C++ and pytorch inference discrepancy

I’m comparing inference in a traced model using (1) python and (2) c++. The outputs are different. Has anyone successfully run GPT-2 inference with c++?

xposted here: https://github.com/pytorch/pytorch/issues/36891

python version: 3.7.4
torch version: 1.4.0
transformers version: 2.6.0

Creating the model in python

from transformers import GPT2LMHeadModel
model = GPT2LMHeadModel.from_pretrained("distilgpt2", 
            pad_token_id=tokenizer.eos_token_id,
            torchscript=True)
test_text = 'The bear went over the mountain to see'
tokens_tensor = torch.tensor([tokenizer.encode(test_text)])
traced_model = torch.jit.trace(model, [tokens_tensor])
torch.jit.save(traced_model,"traced_distilgpt2.pt")

Inference in pytorch

loaded_model = torch.jit.load("traced_distilgpt2.pt")
outputs = loaded_model(torch.tensor([[464, 6842, 1816,  625,  262, 8598,  284,  766]]))

torch.max(outputs[0],2)
>> torch.return_types.max(values=tensor([[-26.7050, -53.3268, -66.3666, -50.1084, -54.8050, -72.4056, -55.2586,-63.5215]], grad_fn=<MaxBackward0>),
indices=tensor([[ 383,  373,  319,  262, 1353,  290,  262,  262]]))

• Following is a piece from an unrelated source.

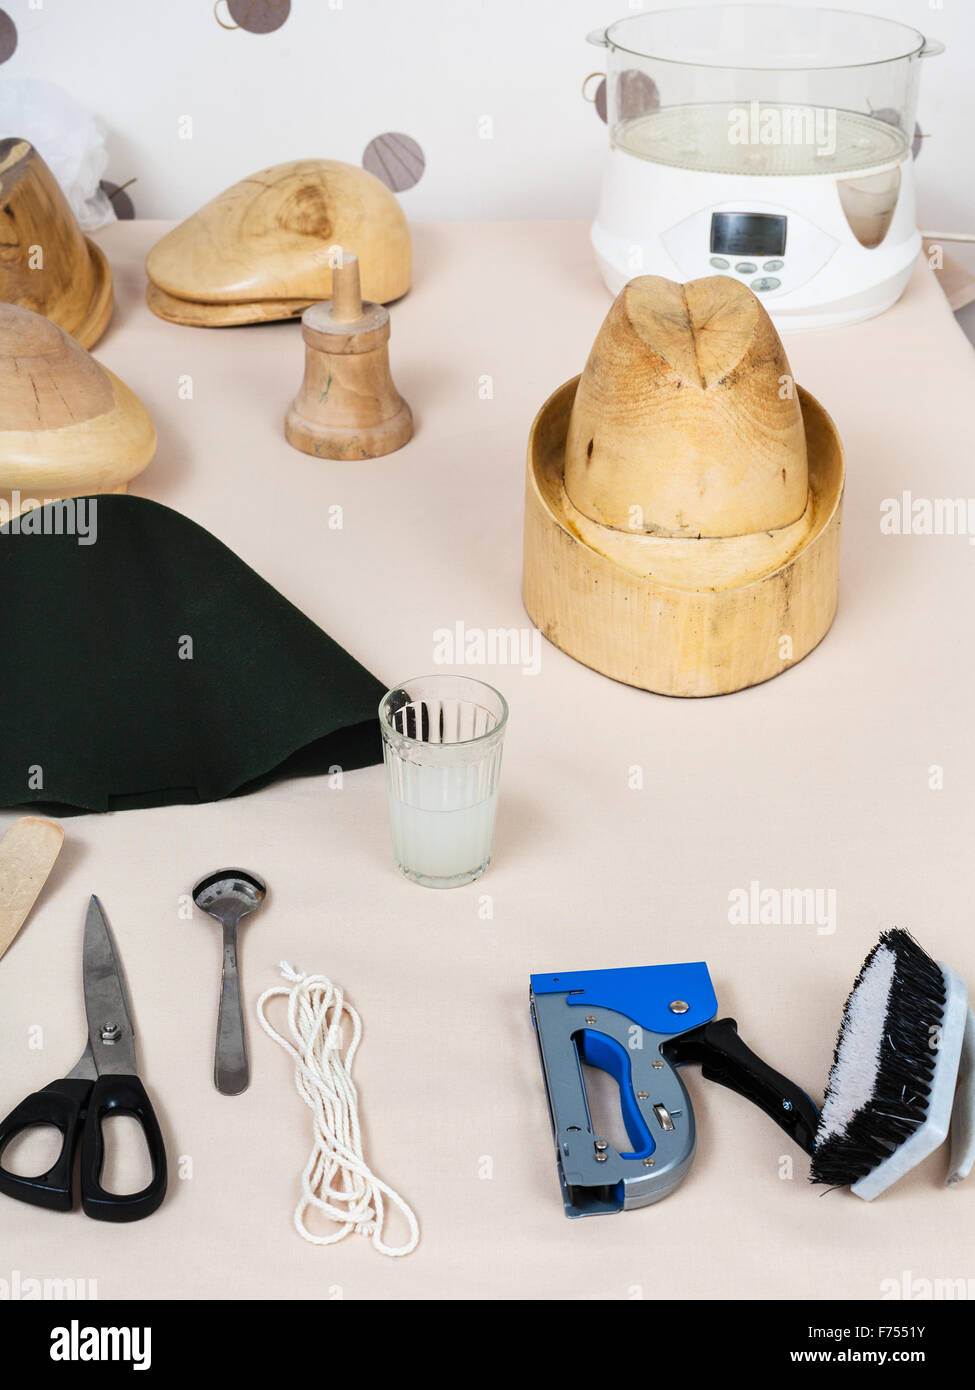 workshop for alpine felt hat making - tools and equipment for hatmaking on  table Stock Photo - Alamy

torch.min(outputs[0][:, :, :],2)
>>torch.return_types.min(
values=tensor([[ -47.3794,  -77.6341,  -95.8365,  -75.3026,  -81.6899, -103.6701, -83.0335,  -93.0259]], grad_fn=<MinBackward0>),
indices=tensor([[  154,  7134, 31204, 22997, 10298, 31204, 22997, 31573]]))

Inference in c

int main(int argc, const char* argv[]) {

  torch::jit::script::Module module;
  module = torch::jit::load(argv[1]);
  std::cout << "Model loaded.\n";
  module.eval(); // just in case?

  torch::Tensor x = torch::tensor({464, 6842, 1816,  625,  262, 8598,  284,  766},
    torch::dtype(torch::kInt64)).reshape({8, 1});
  std::vector<torch::jit::IValue> inputs;
  inputs.push_back(x);

  // Execute the model and turn its output into a tensor (all_encoder_layers).
  torch::Tensor out = module.forward(inputs).toTuple()->elements()[0].toTensor();

  auto z = torch::max(out, /*dim=*/2);
  std::cout << std::get<0>(z) << '\n';
  std::cout << std::get<1>(z) << '\n';

  z = torch::min(out, /*dim=*/2);
  std::cout << std::get<0>(z) << '\n';
  std::cout << std::get<1>(z) << '\n';

  return 0;
}

Output from running c exe (with argv[1] = “traced_distilgpt2.pt”) :

[ Variable[CPULongType]{8,1} ]
-26.7050
-28.0251
-29.0539
-28.2608
-26.3226
-28.0652
-26.8328
-28.5087
[ Variable[CPUFloatType]{8,1} ]
 383
 383
 383
 383
 383
 383
 383
 383
[ Variable[CPULongType]{8,1} ]
-47.3794
-48.2470
-49.5565
-49.0826
-46.3104
-48.5934
-47.3013
-49.1308
[ Variable[CPUFloatType]{8,1} ]
 154
 154
 154
 154
 154
 154
 154
 154
[ Variable[CPULongType]{8,1} ]

Observation:
The models agree for the first token (position=0) but for positions 1-7 the encoder outputs disagree.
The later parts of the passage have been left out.